[RECORDS PROVIDED]
= = =
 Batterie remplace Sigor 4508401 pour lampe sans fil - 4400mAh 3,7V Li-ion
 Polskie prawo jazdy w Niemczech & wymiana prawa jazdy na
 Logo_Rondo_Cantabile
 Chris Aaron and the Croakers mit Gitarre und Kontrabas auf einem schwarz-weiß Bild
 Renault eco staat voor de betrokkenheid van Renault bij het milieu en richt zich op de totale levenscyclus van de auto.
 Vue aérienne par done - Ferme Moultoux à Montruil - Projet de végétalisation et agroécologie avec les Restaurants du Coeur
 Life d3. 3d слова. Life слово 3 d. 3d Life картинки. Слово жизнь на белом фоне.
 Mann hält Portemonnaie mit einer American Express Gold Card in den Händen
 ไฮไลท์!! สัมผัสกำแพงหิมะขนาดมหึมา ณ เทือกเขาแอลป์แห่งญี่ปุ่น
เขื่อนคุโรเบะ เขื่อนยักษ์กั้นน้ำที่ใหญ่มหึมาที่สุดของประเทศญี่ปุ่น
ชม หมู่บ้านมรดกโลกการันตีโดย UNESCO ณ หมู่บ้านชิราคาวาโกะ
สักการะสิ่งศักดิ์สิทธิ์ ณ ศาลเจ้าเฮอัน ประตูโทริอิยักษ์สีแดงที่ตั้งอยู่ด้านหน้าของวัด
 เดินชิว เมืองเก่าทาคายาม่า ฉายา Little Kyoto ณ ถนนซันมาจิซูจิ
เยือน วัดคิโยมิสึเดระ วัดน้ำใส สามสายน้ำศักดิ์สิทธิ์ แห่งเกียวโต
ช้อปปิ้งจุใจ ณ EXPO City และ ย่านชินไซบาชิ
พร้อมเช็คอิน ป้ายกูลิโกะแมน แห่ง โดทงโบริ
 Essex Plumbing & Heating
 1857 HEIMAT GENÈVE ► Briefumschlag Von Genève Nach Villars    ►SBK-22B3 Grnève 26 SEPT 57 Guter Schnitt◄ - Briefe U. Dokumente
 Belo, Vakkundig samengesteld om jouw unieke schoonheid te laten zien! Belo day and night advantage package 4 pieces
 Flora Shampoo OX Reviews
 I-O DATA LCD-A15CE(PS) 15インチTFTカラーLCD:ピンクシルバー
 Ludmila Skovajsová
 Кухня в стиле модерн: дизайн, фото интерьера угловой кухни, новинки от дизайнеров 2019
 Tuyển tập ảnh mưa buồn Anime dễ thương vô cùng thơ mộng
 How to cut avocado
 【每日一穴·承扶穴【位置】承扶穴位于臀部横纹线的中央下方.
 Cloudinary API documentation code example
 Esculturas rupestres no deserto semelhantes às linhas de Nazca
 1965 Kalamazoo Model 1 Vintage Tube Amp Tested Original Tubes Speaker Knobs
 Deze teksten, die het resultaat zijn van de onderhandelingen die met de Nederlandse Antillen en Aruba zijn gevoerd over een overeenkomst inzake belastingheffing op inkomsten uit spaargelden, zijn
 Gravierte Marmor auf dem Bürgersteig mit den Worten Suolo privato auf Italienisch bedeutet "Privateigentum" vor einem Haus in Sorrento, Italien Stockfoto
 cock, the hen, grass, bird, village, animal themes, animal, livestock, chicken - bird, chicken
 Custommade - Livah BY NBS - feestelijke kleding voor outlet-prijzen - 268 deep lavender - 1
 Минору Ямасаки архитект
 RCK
= = =
Reproduce the records above line by line, without any change, up to and including the line that holds "1965 Kalamazoo Model".

[TASK ANSWER]
 Batterie remplace Sigor 4508401 pour lampe sans fil - 4400mAh 3,7V Li-ion
 Polskie prawo jazdy w Niemczech & wymiana prawa jazdy na
 Logo_Rondo_Cantabile
 Chris Aaron and the Croakers mit Gitarre und Kontrabas auf einem schwarz-weiß Bild
 Renault eco staat voor de betrokkenheid van Renault bij het milieu en richt zich op de totale levenscyclus van de auto.
 Vue aérienne par done - Ferme Moultoux à Montruil - Projet de végétalisation et agroécologie avec les Restaurants du Coeur
 Life d3. 3d слова. Life слово 3 d. 3d Life картинки. Слово жизнь на белом фоне.
 Mann hält Portemonnaie mit einer American Express Gold Card in den Händen
 ไฮไลท์!! สัมผัสกำแพงหิมะขนาดมหึมา ณ เทือกเขาแอลป์แห่งญี่ปุ่น
เขื่อนคุโรเบะ เขื่อนยักษ์กั้นน้ำที่ใหญ่มหึมาที่สุดของประเทศญี่ปุ่น
ชม หมู่บ้านมรดกโลกการันตีโดย UNESCO ณ หมู่บ้านชิราคาวาโกะ
สักการะสิ่งศักดิ์สิทธิ์ ณ ศาลเจ้าเฮอัน ประตูโทริอิยักษ์สีแดงที่ตั้งอยู่ด้านหน้าของวัด
 เดินชิว เมืองเก่าทาคายาม่า ฉายา Little Kyoto ณ ถนนซันมาจิซูจิ
เยือน วัดคิโยมิสึเดระ วัดน้ำใส สามสายน้ำศักดิ์สิทธิ์ แห่งเกียวโต
ช้อปปิ้งจุใจ ณ EXPO City และ ย่านชินไซบาชิ
พร้อมเช็คอิน ป้ายกูลิโกะแมน แห่ง โดทงโบริ
 Essex Plumbing & Heating
 1857 HEIMAT GENÈVE ► Briefumschlag Von Genève Nach Villars    ►SBK-22B3 Grnève 26 SEPT 57 Guter Schnitt◄ - Briefe U. Dokumente
 Belo, Vakkundig samengesteld om jouw unieke schoonheid te laten zien! Belo day and night advantage package 4 pieces
 Flora Shampoo OX Reviews
 I-O DATA LCD-A15CE(PS) 15インチTFTカラーLCD:ピンクシルバー
 Ludmila Skovajsová
 Кухня в стиле модерн: дизайн, фото интерьера угловой кухни, новинки от дизайнеров 2019
 Tuyển tập ảnh mưa buồn Anime dễ thương vô cùng thơ mộng
 How to cut avocado
 【每日一穴·承扶穴【位置】承扶穴位于臀部横纹线的中央下方.
 Cloudinary API documentation code example
 Esculturas rupestres no deserto semelhantes às linhas de Nazca
 1965 Kalamazoo Model 1 Vintage Tube Amp Tested Original Tubes Speaker Knobs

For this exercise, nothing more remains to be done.